What to work on: Return the listing below exactly. Leave its pictures out.

Input data:
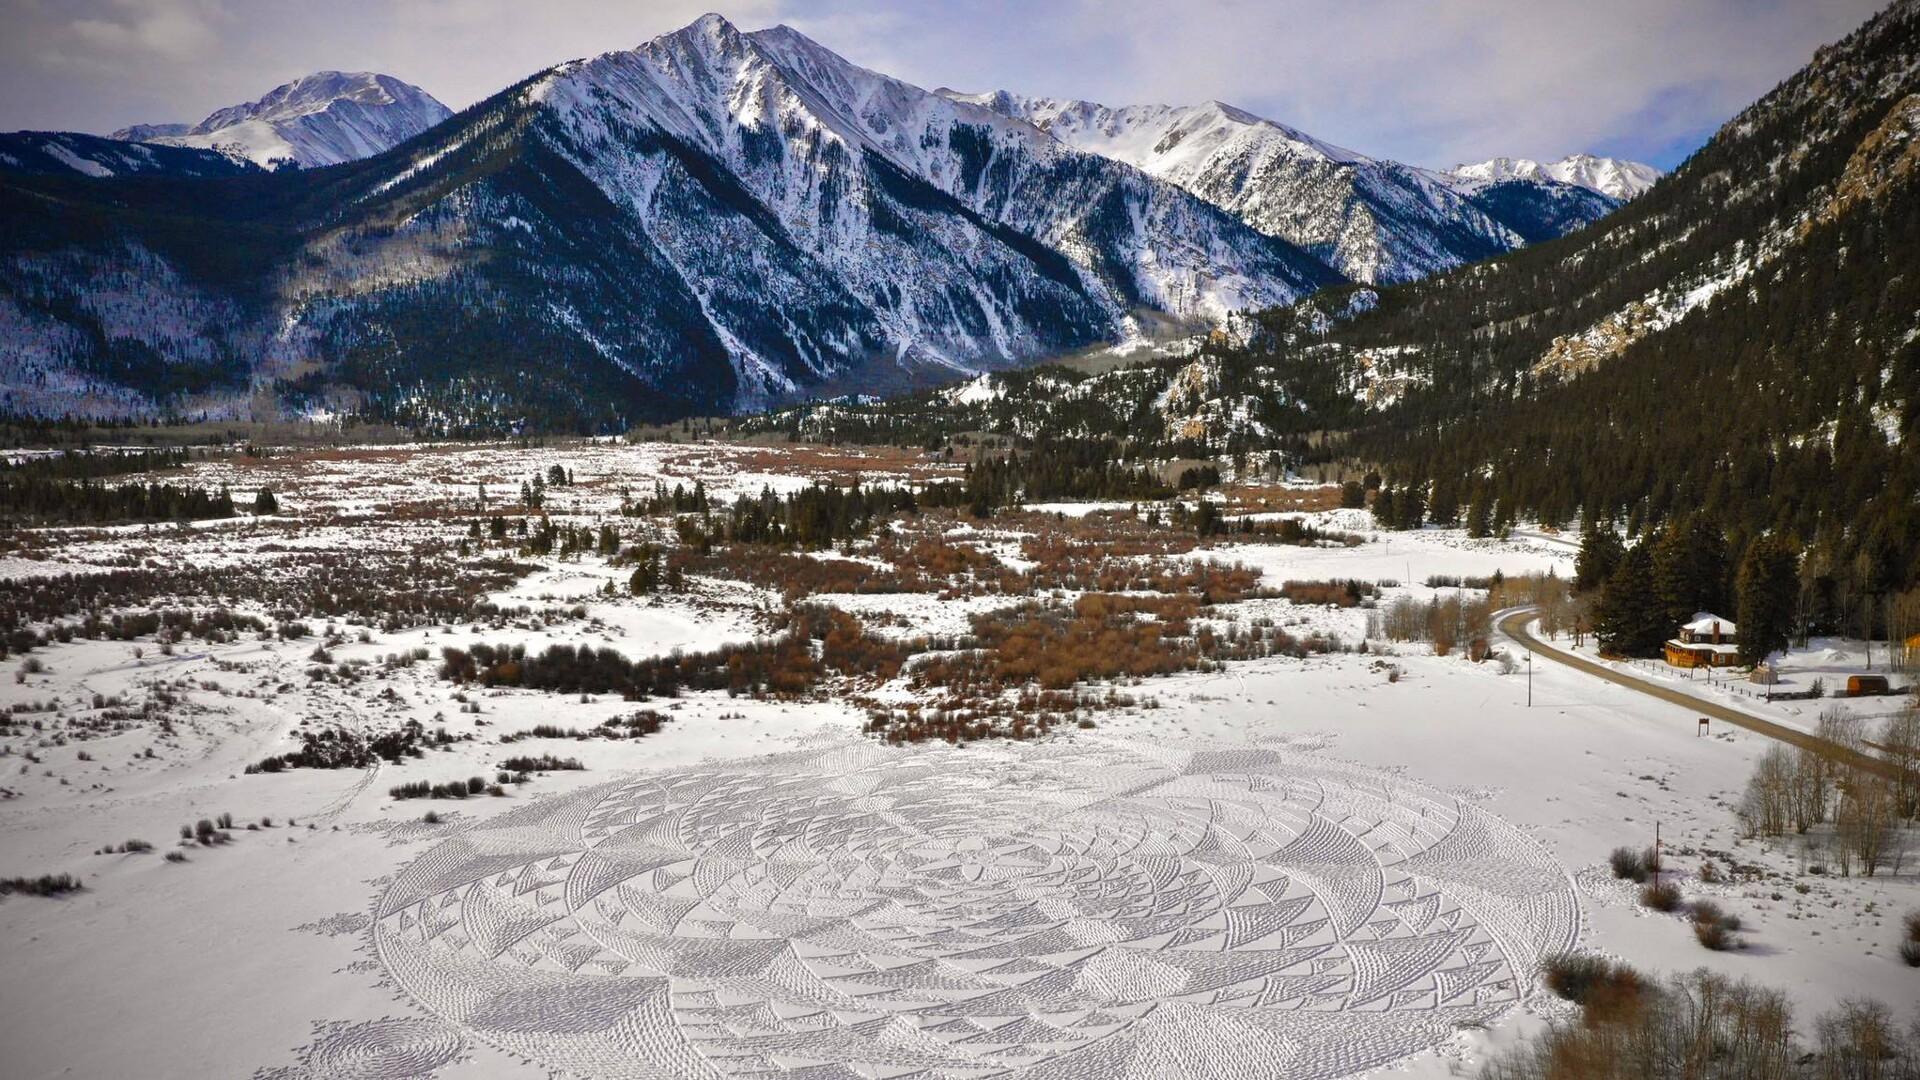 Simon Beck Snow Art at Twin Lakes Michael Randol.jpg
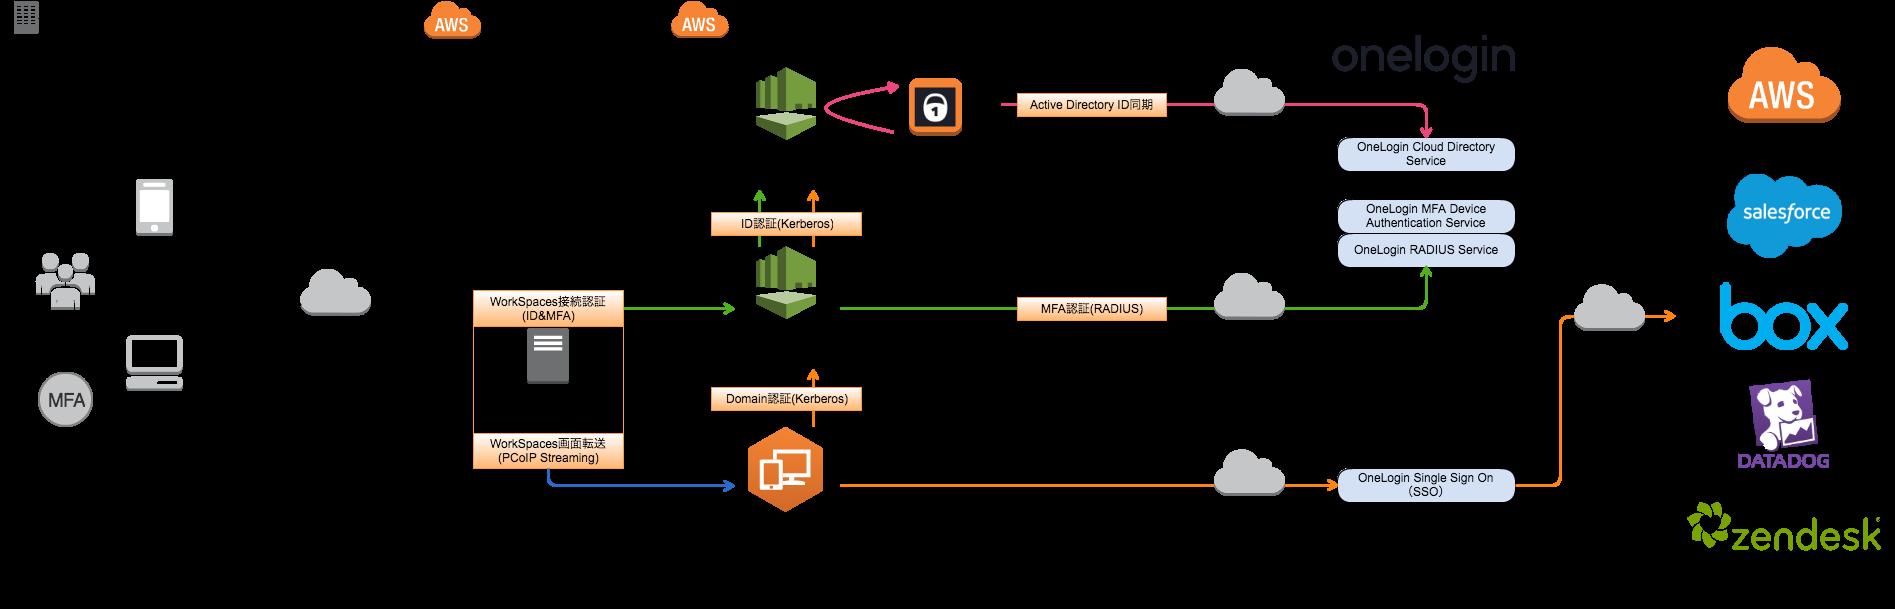 Aws Directory Serviceとoneloginを組み合わせて Amazon Workspacesの
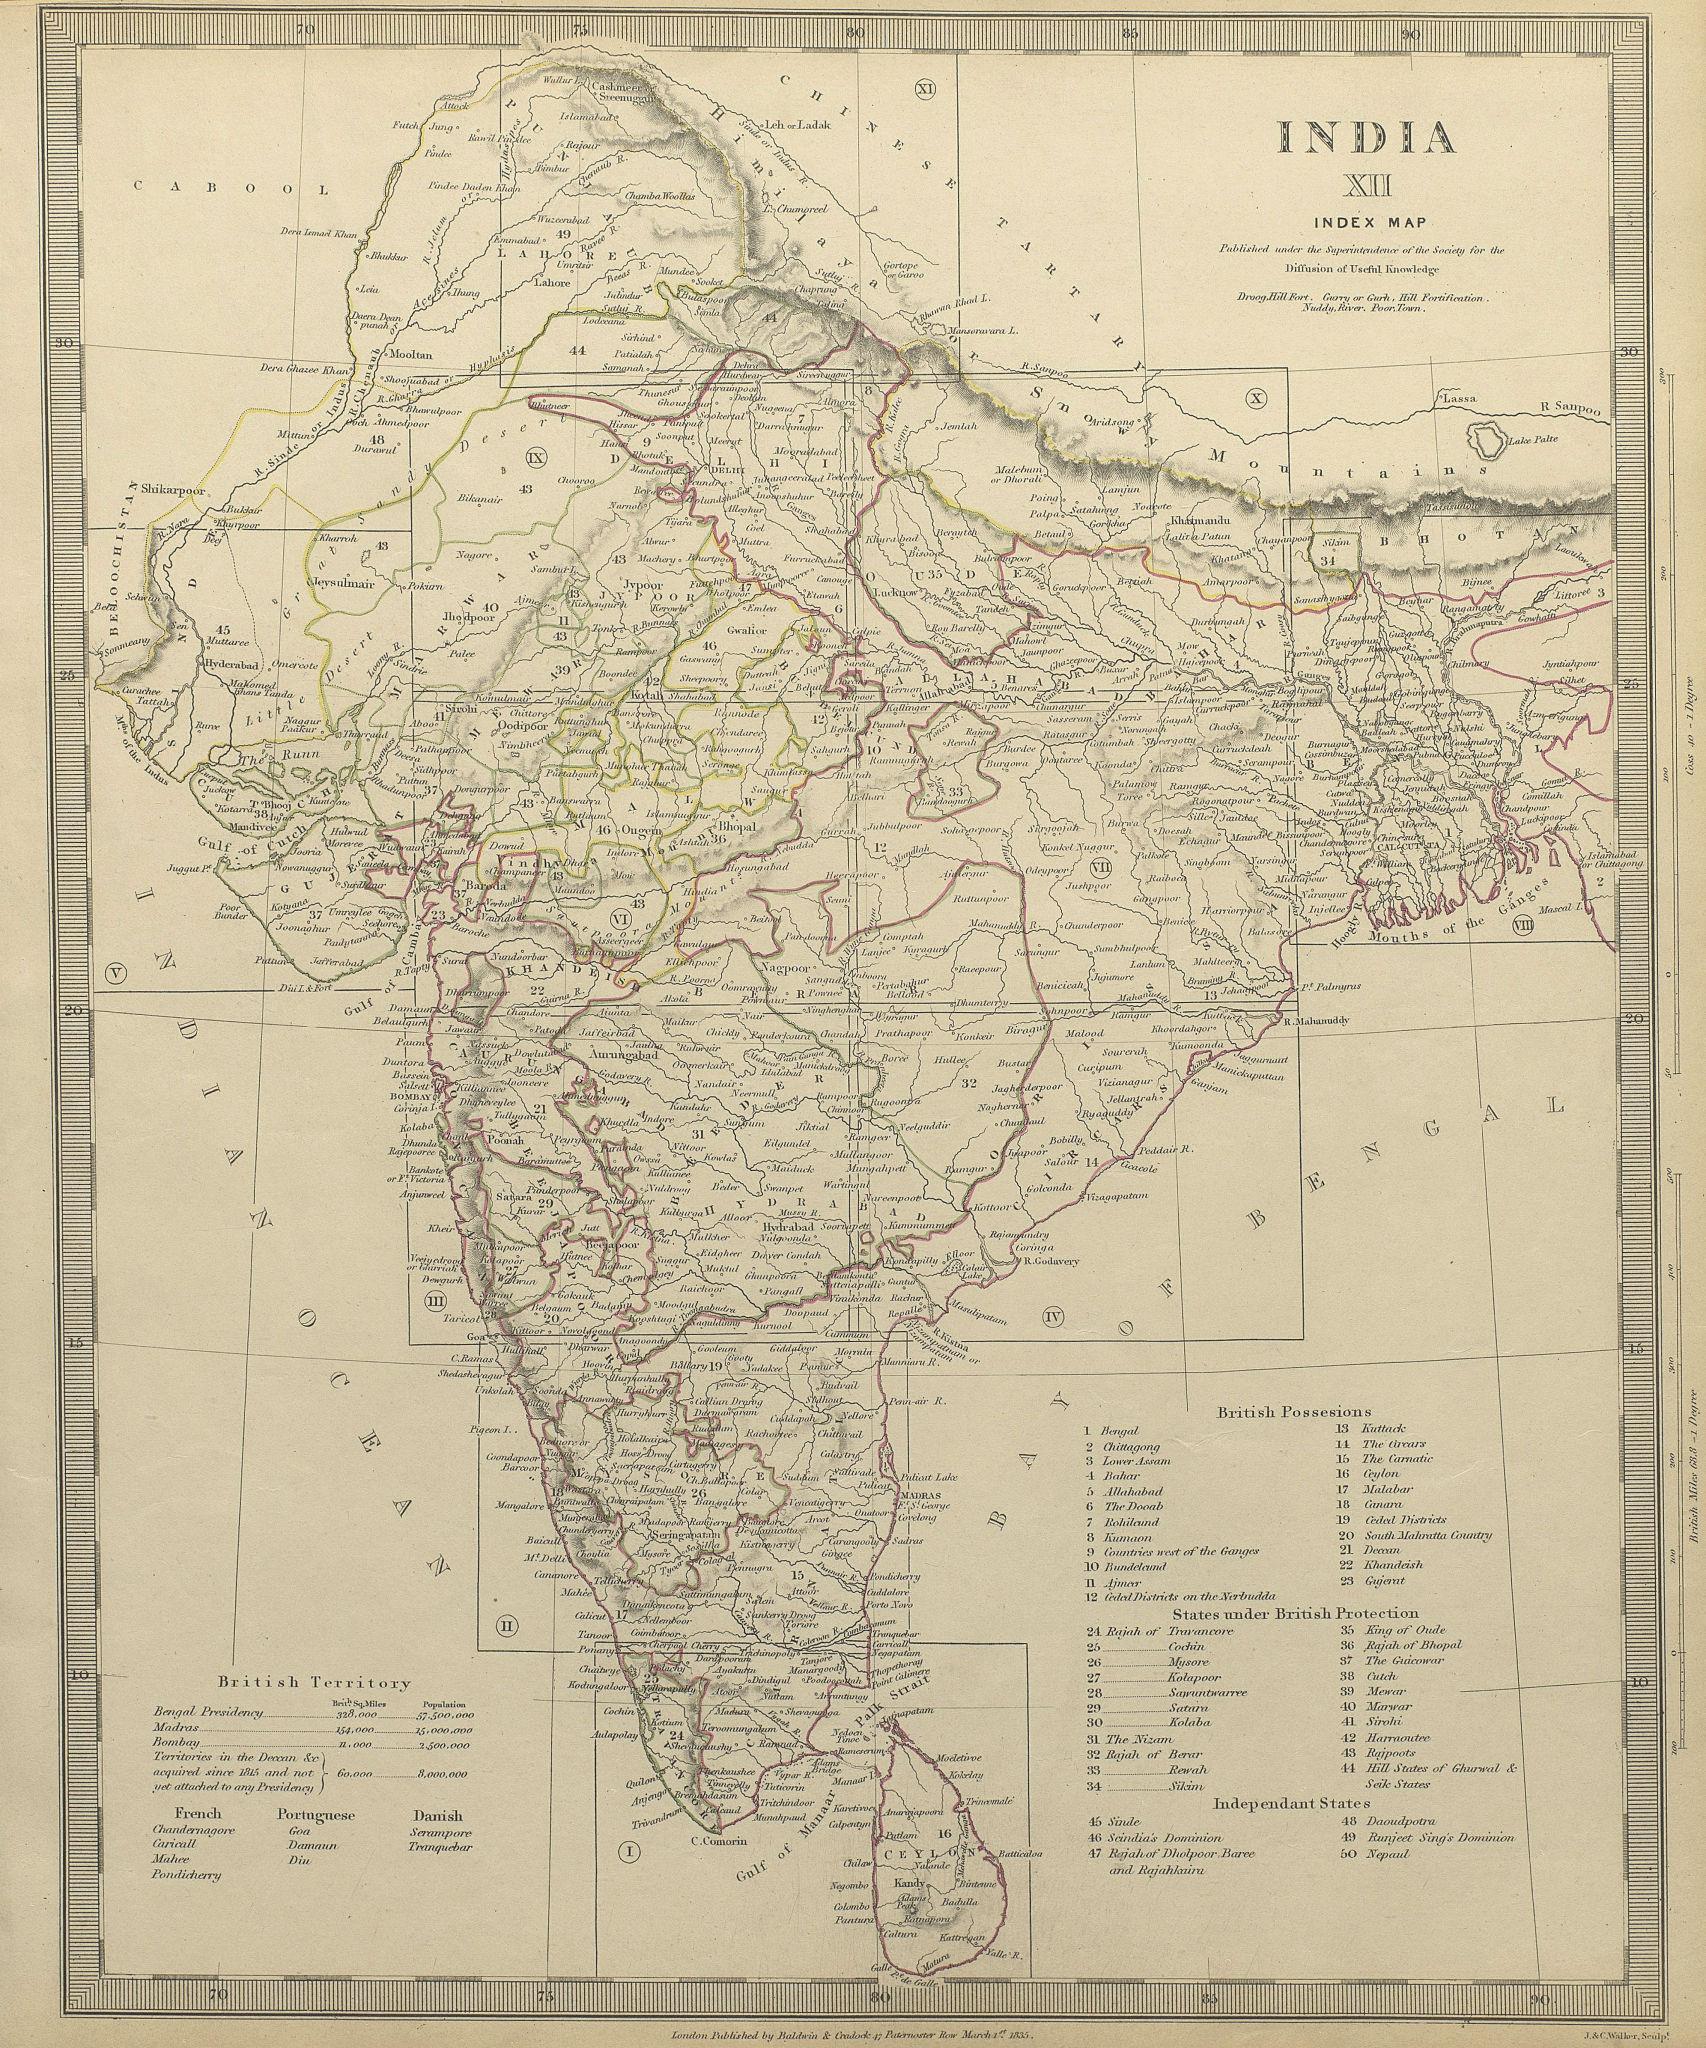 Associate Product INDIA. Index Map. Lists British French Portuguese Danish states. SDUK 1844

Output for this task:
 Simon Beck Snow Art at Twin Lakes Michael Randol.jpg
 Aws Directory Serviceとoneloginを組み合わせて Amazon Workspacesの
 Associate Product INDIA. Index Map. Lists British French Portuguese Danish states. SDUK 1844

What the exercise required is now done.